Causal impact and Bayesian structural time series

Causal impact is a tool for estimating the impact of a one time action. As an example (which we will actually look at the data) consider the BP oil spill in 2010. Let’s say you want to evaluate the impact that this had on BP stocks. Typically with questions like this, we would like to be able to collect multiple samples from a control group and a test group. As this is not possible we would have to try something else.

O oh
O oh

Intuitively, it would make sense to look at the BP stocks against some benchmark like NASDAQ (I got the data from Yahoo finance):

bp <- read_csv('../../data/causal_impact/bp_stocks.csv')
nasdaq <- read_csv('../../data/causal_impact/nasdaq.csv')
stocks <- nasdaq %>% 
  select(Date, Open) %>% 
  rename(NASDAQ = Open) %>% 
  merge(bp %>% select(Date, Open), by = 'Date') %>% 
  rename(BP = Open,
         date = Date)
oilSpillDate <- ymd('2010-04-20')
stocks %>% 
  gather(stock, price, NASDAQ, BP) %>% 
  ggplot(aes(date, price, colour = stock)) +
  geom_vline(xintercept = oilSpillDate, linetype = 'dashed') +
  geom_line() +
  guides(colour = guide_legend(title = NULL)) +
    title = 'NASDAQ and BP daily open prices',
    subtitle = 'Oil spil date indicated in dashed line',
    x = '',
    y = 'Price in USD'

We can see the impact of the oil spill on the stock price of BP. However, how do we estimate the magnitude of this impact? Also, how do we quantify how sure we are?

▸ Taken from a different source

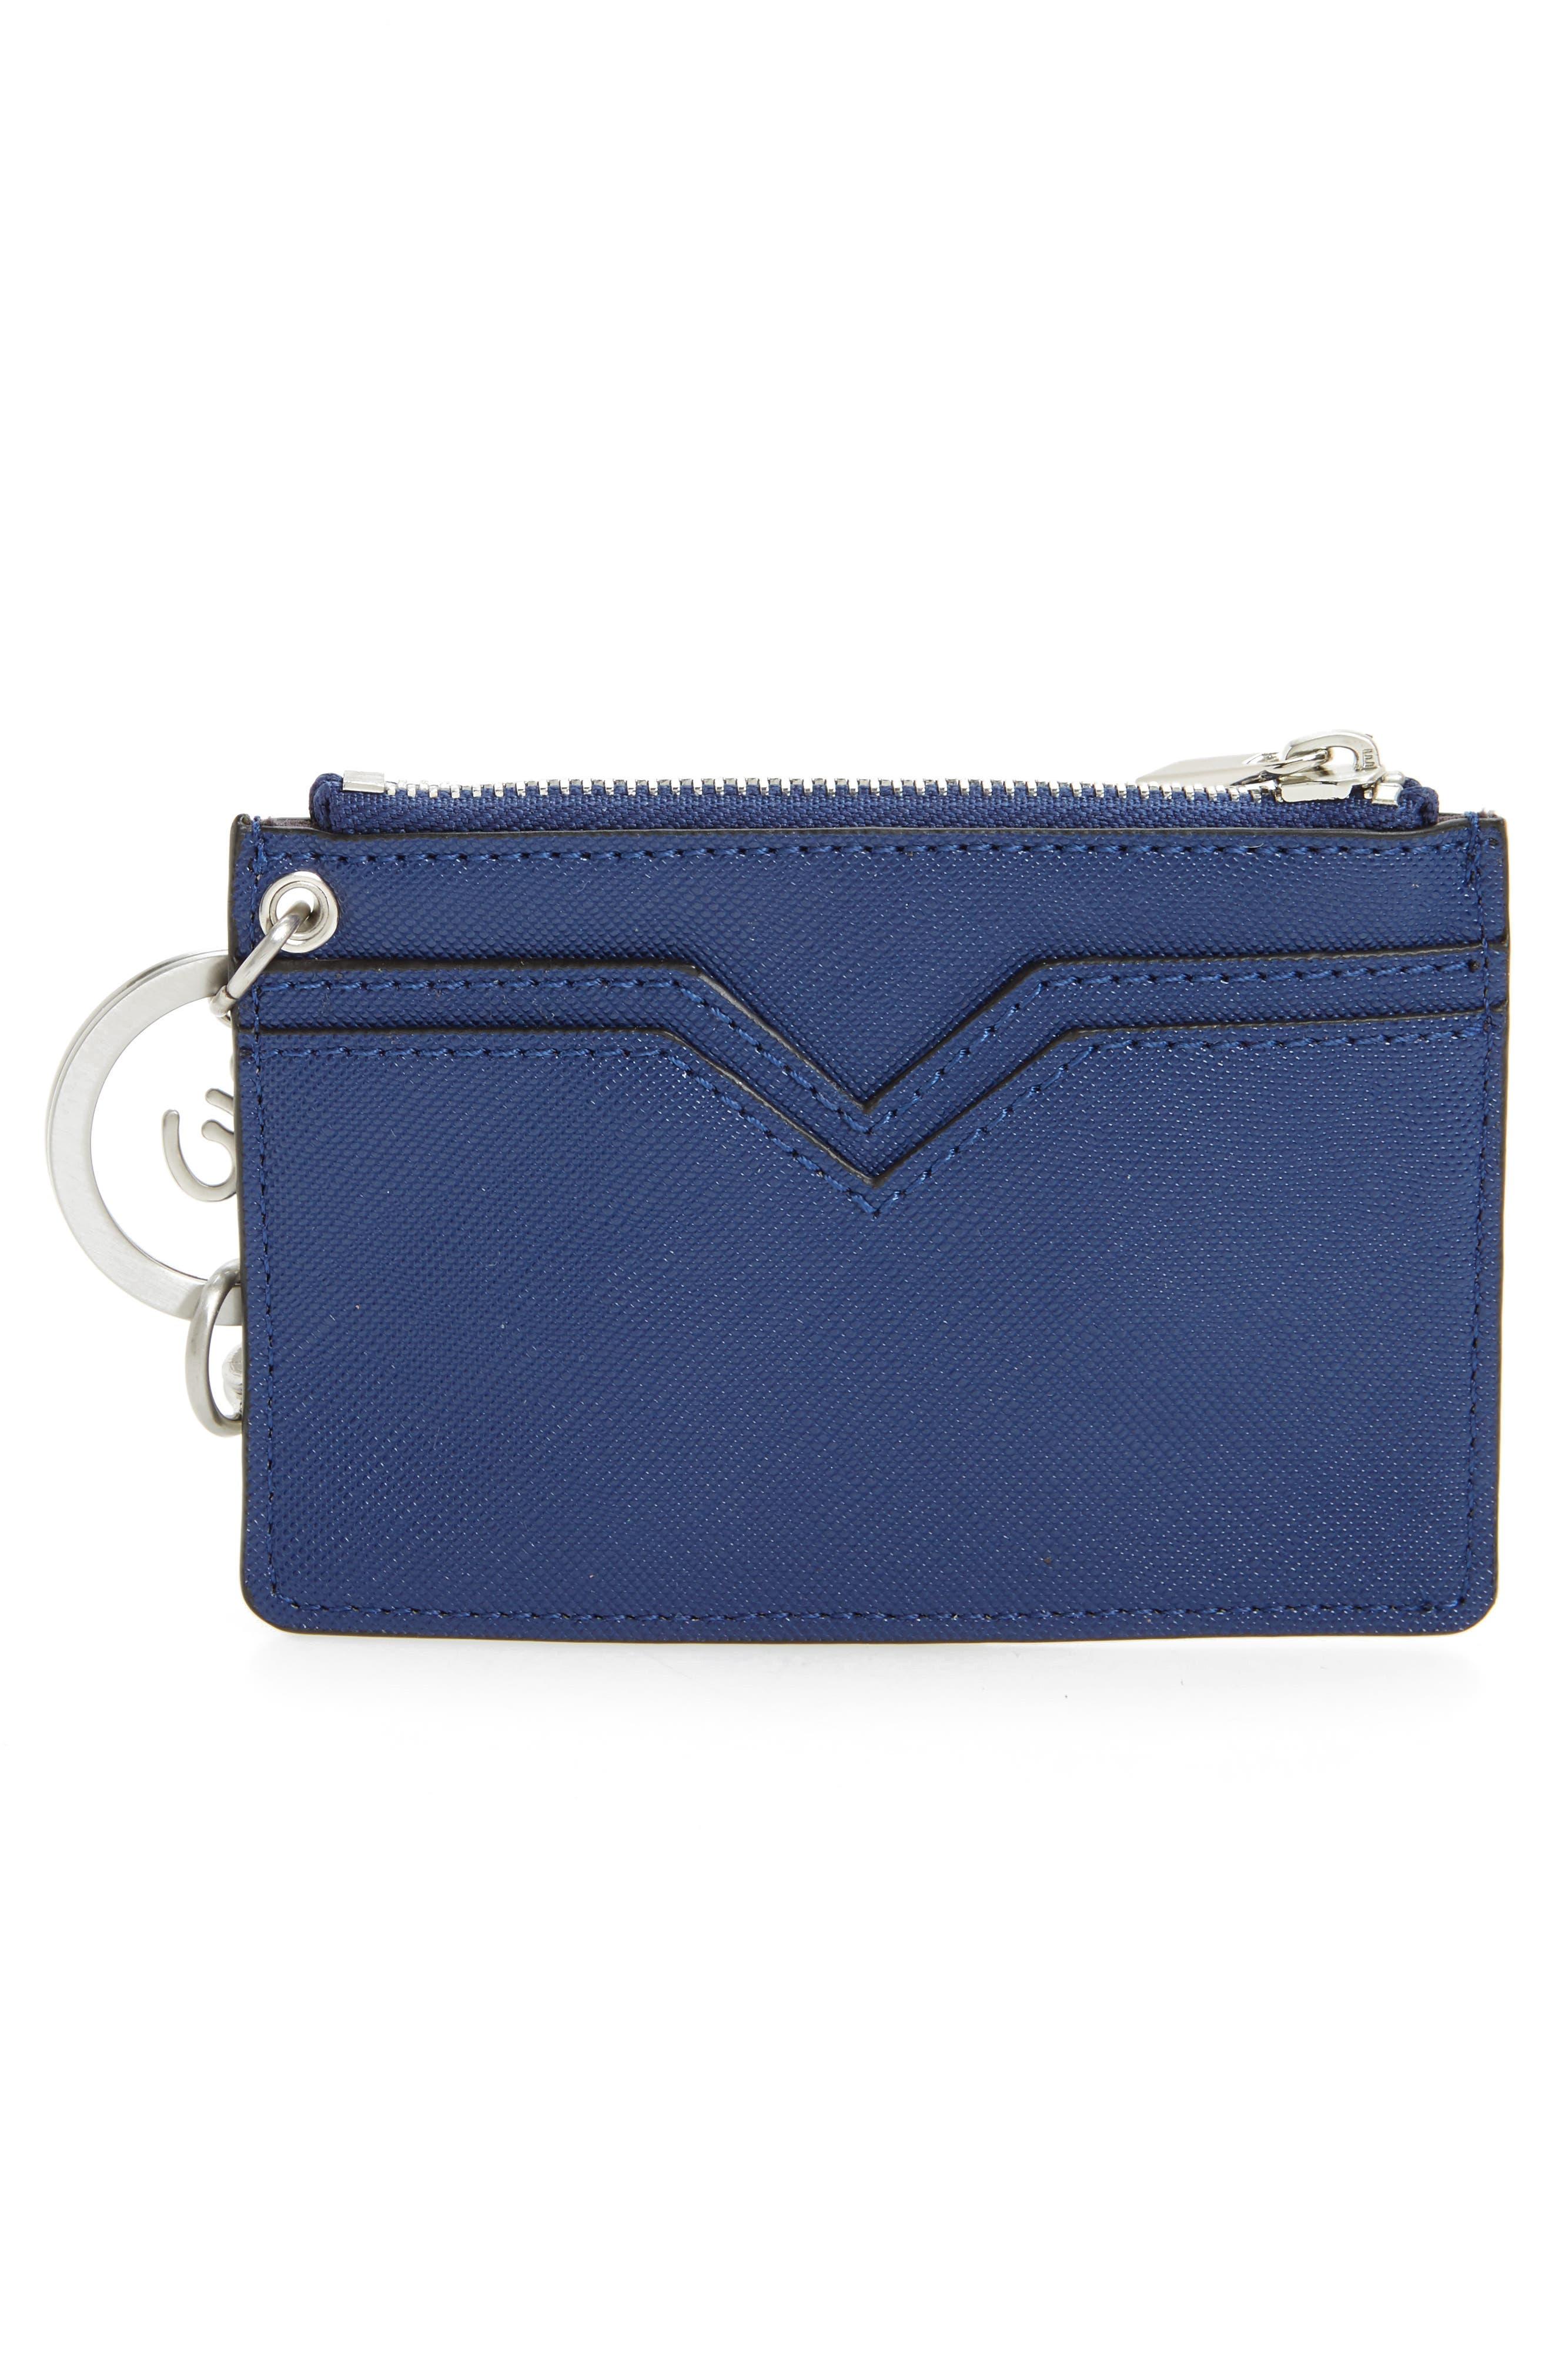 Carter Bird Embellished Faux Leather Card Case,                             Alternate thumbnail 2, color,                             Poseidon Blue

One idea would be to break the data into two periods, a before and after event. For the before period, we can run a regression against the NASDAQ price, which gives us an idea about the uncertainty:

fittedLM <- lm(BP ~ NASDAQ, data = stocks %>% filter(date < oilSpillDate))
predictLM <- predict(fittedLM, newdata = stocks %>% filter(date == oilSpillDate), interval = 'confidence')
stocks %>% 
  mutate(`BP predicted` = ifelse(date < oilSpillDate, NA,  predictLM[1]),
         low = ifelse(date < oilSpillDate, NA,  predictLM[2]),
         high = ifelse(date < oilSpillDate, NA,  predictLM[3])) %>% 
  gather(stock, price, BP, NASDAQ, `BP predicted`) %>% 
  ggplot(aes(date, price, colour = stock)) +
  geom_vline(xintercept = oilSpillDate, linetype = 'dashed') +
  geom_ribbon(aes(ymin = low, ymax = high), alpha = .2, colour = 'gray') +
  geom_line() +
  guides(colour = guide_legend(title = NULL)) +
    title = 'NASDAQ and BP daily open prices',
    subtitle = 'Oil spil date indicated in dashed line',
    x = '',
    y = 'Price in USD'

This is rather poor approximation. For one thing, there are all sorts of autocorrelation affects from the times series. Secondly, we have standard error for the estimate, but what we don’t have is a standard error that evolves in time. Obviously, 10 days after the oil spill, I am less certain about the oil spill impact than the day before.

Things tend to fall apart
Things tend to fall apart

Bayesian structural time series

Instead of a linear model, we can use a time series model. A structural time series model can be described by

\[ \begin{aligned} y_t &= Z_t^T\alpha_t + \epsilon_t \qquad &\epsilon_t \sim N(0, H_t)\\ \alpha_t &= T_t\alpha_{t-1} + R_t\eta_t \qquad &\eta_t \sim N(0, Q_t). \end{aligned} \]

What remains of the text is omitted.